Michigan Financial Advisor’s History of Customer Complaints and Financial Compromises Warrants Scrutiny
Walter S. Schram (CRD# 1728096), a financial advisor currently registered with Ameriprise Financial Services in Farmington Hills, Michigan, has a concerning history of customer disputes and financial issues that should raise significant red flags for investors. According to his FINRA BrokerCheck report, Schram has been the subject of multiple customer complaints and has a pattern of financial compromises with creditors that calls into question his financial stability and judgment.
Most concerning is a current pending FINRA arbitration case seeking $300,000 in damages related to alternative investments that were allegedly unsuitable for the investor.

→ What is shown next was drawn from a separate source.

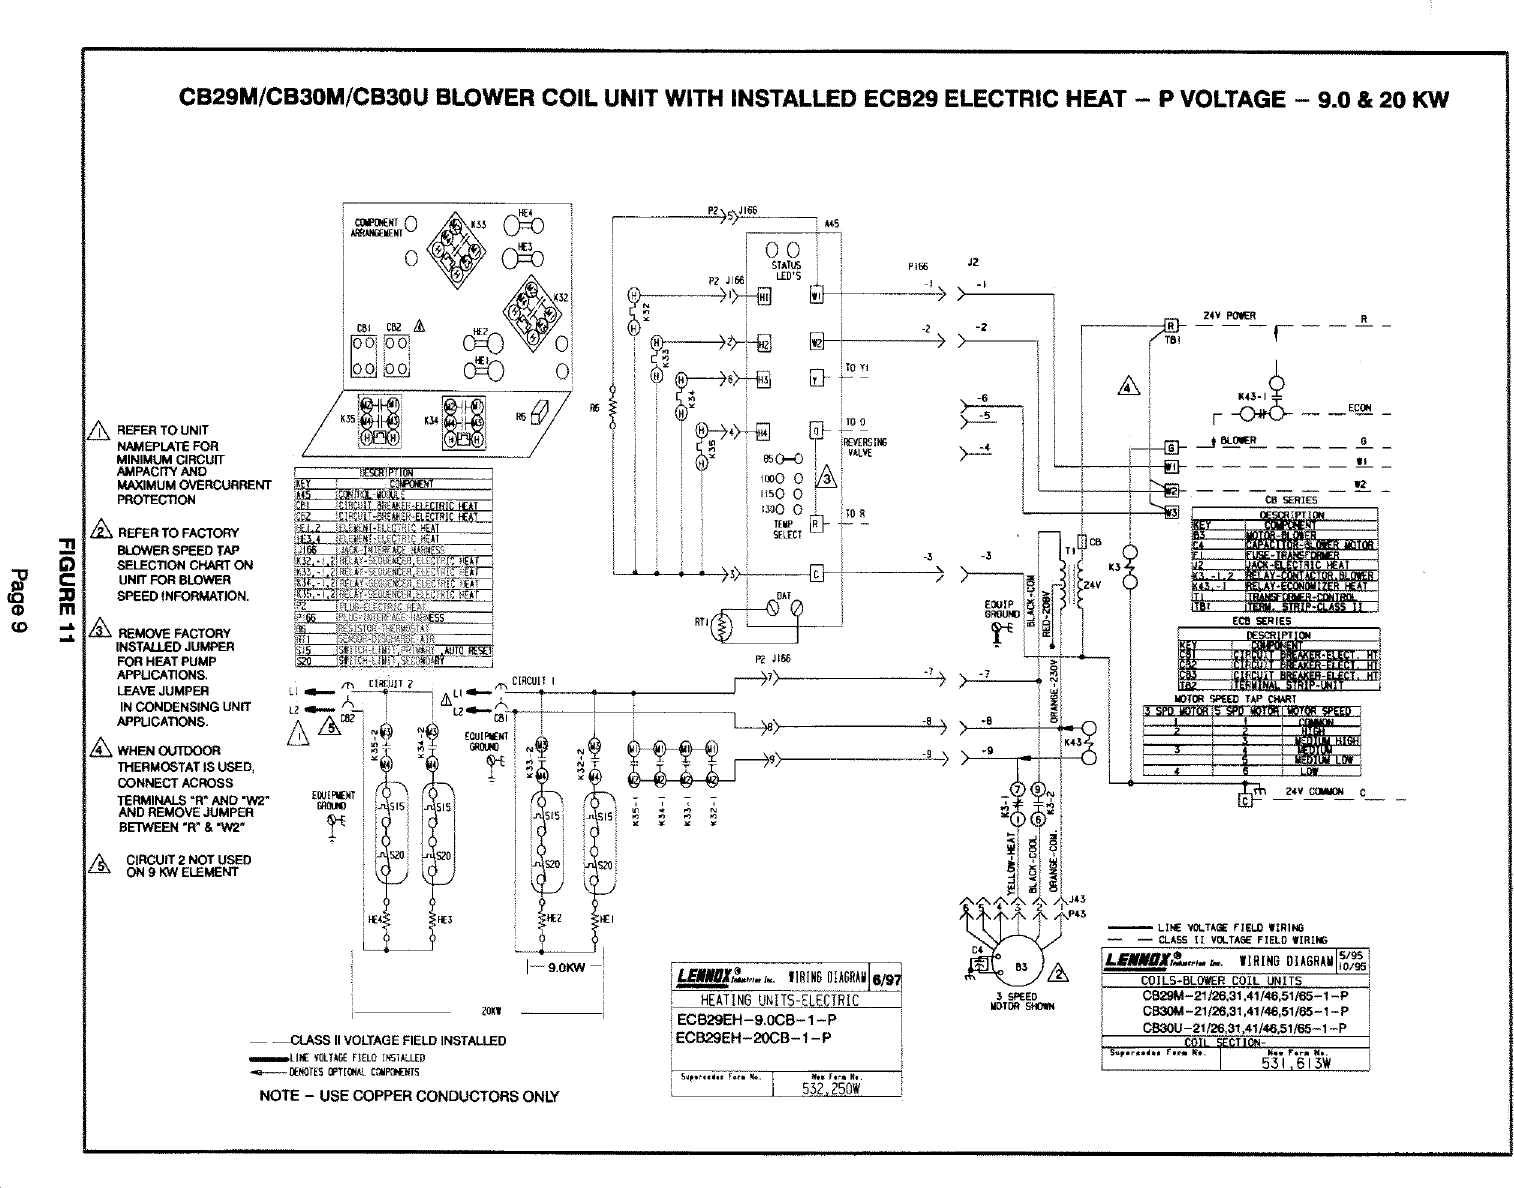 Lennox Heat Pump Air Handler Wiring Diagram from usermanual.wiki

If you’ve invested with Walter Schram at Ameriprise Financial Services, UBS Financial Services, or any other firm, you may have grounds to recover investment losses through FINRA arbitration.

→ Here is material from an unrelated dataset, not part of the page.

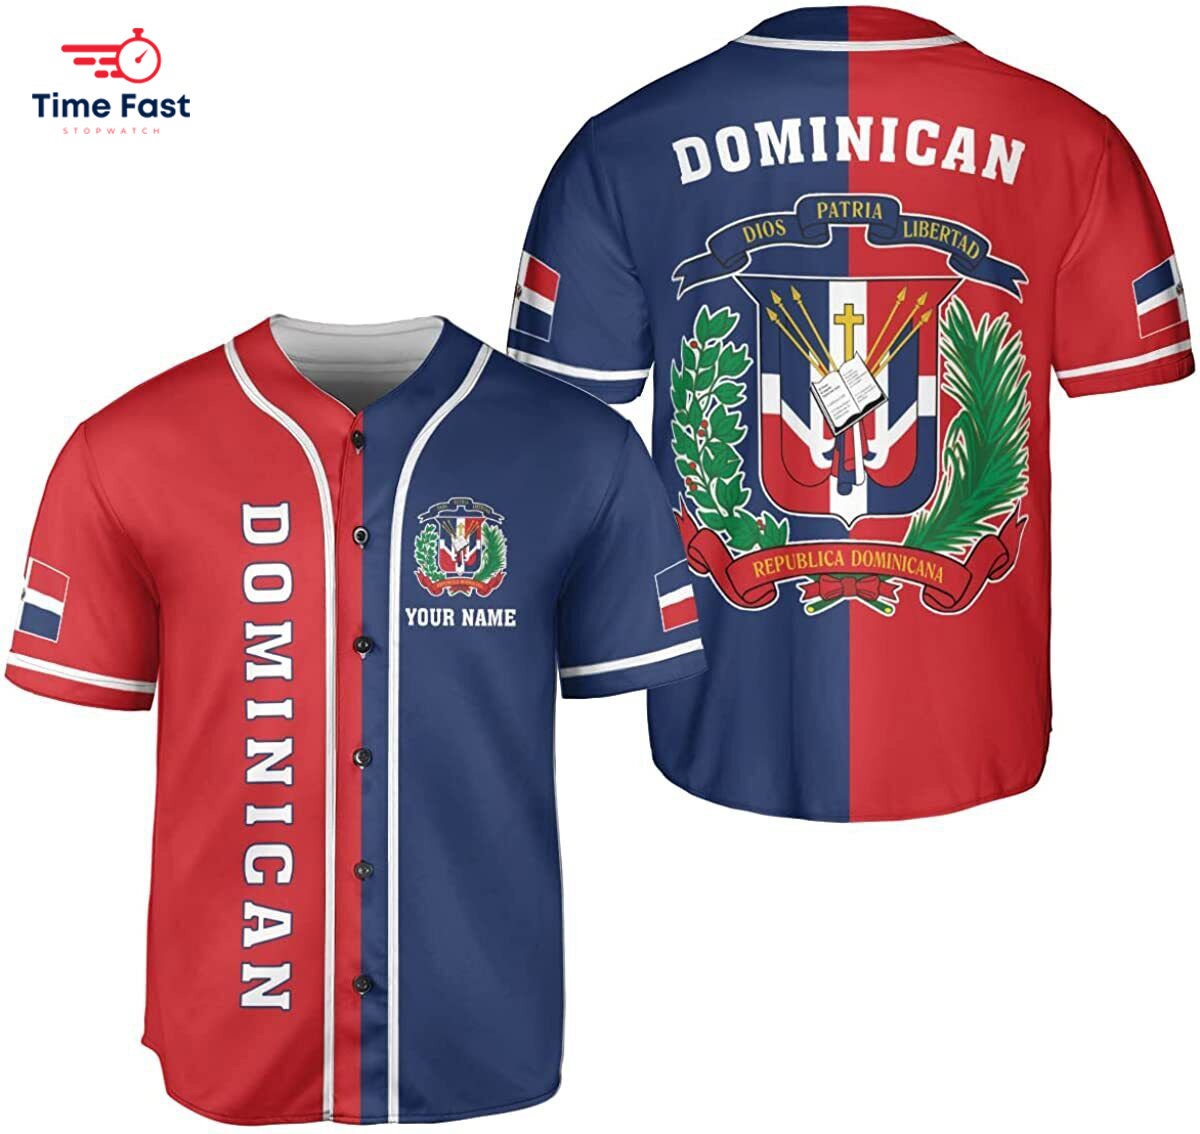 Albert Pujols Dominican Republic National Team Jersey – Best Sports Jerseys

Walter S. Schram: Professional Background and Registration History
Walter Schram is a veteran financial advisor with a career spanning over three decades in the securities industry. According to his FINRA BrokerCheck report, his professional history includes:
- Current position: Registered Representative at Ameriprise Financial Services, LLC (since August 2017)
- Previous employment: UBS Financial Services (2006-2017), Citigroup Global Markets (1993-2006), Lehman Brothers (1988-1993), and E.F. Hutton & Company (1987-1988)

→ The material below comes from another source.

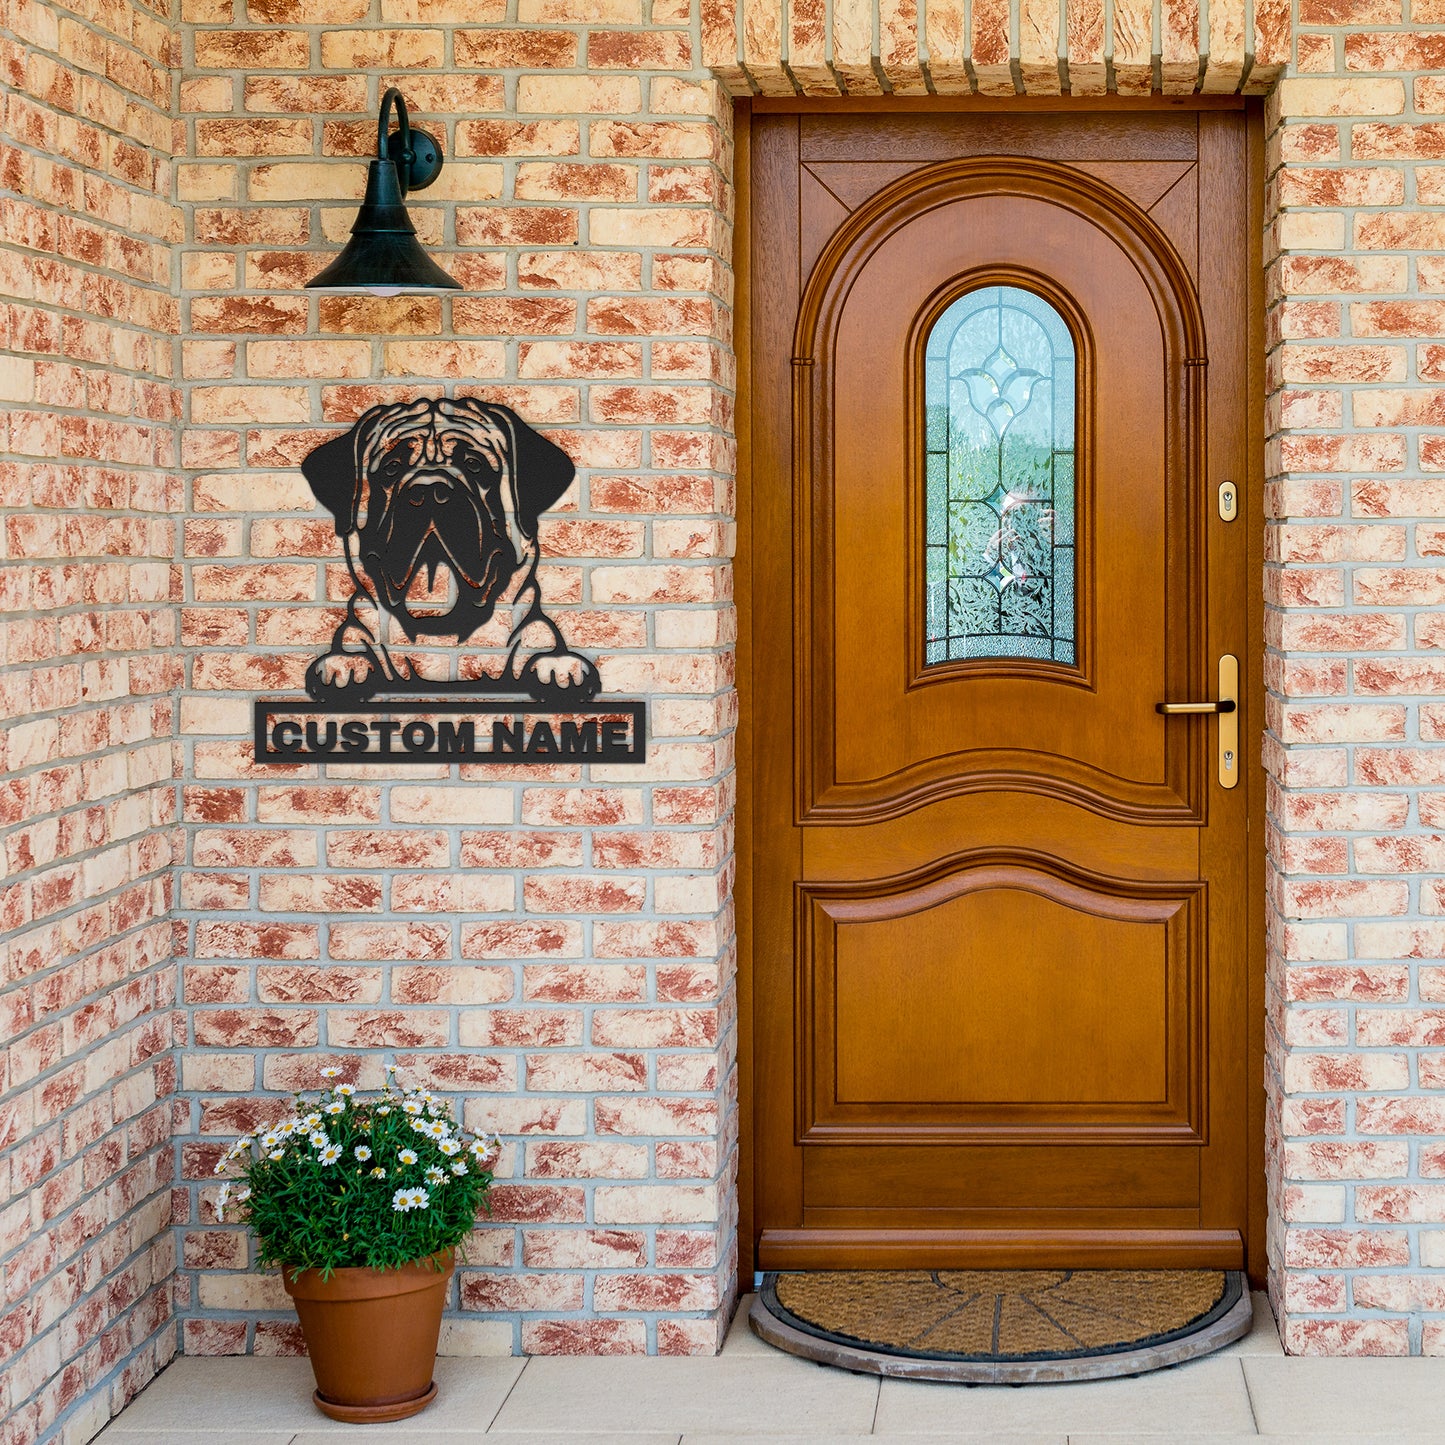 Personalized Mastiff Dog Metal Sign - Mastiff Custom Name Wall Decor, Metal Signs Customized Outdoor Indoor, Wall Art Gift For Mastiff Dog Lover

- Licenses: Series 7 (General Securities Representative), Series 3 (National Commodity Futures), Series 63 (Uniform Securities Agent State Law), and Series 65 (Uniform Investment Adviser Law)
- Registration status: Currently registered in 24 U.S. states and territories
- CRD Number: 1728096 (unique identifier in FINRA’s Central Registration Depository)
- Branch locations: 32255 Northwestern Hwy, Suite 200, Farmington Hills, MI 48334-1574 and West Bloomfield, MI
Schram maintains extensive registrations across numerous states and self-regulatory organizations. He is registered as both a broker (selling securities) and an investment adviser (providing investment advice) through Ameriprise Financial Services, giving him significant latitude in the types of investment products and services he can offer to clients.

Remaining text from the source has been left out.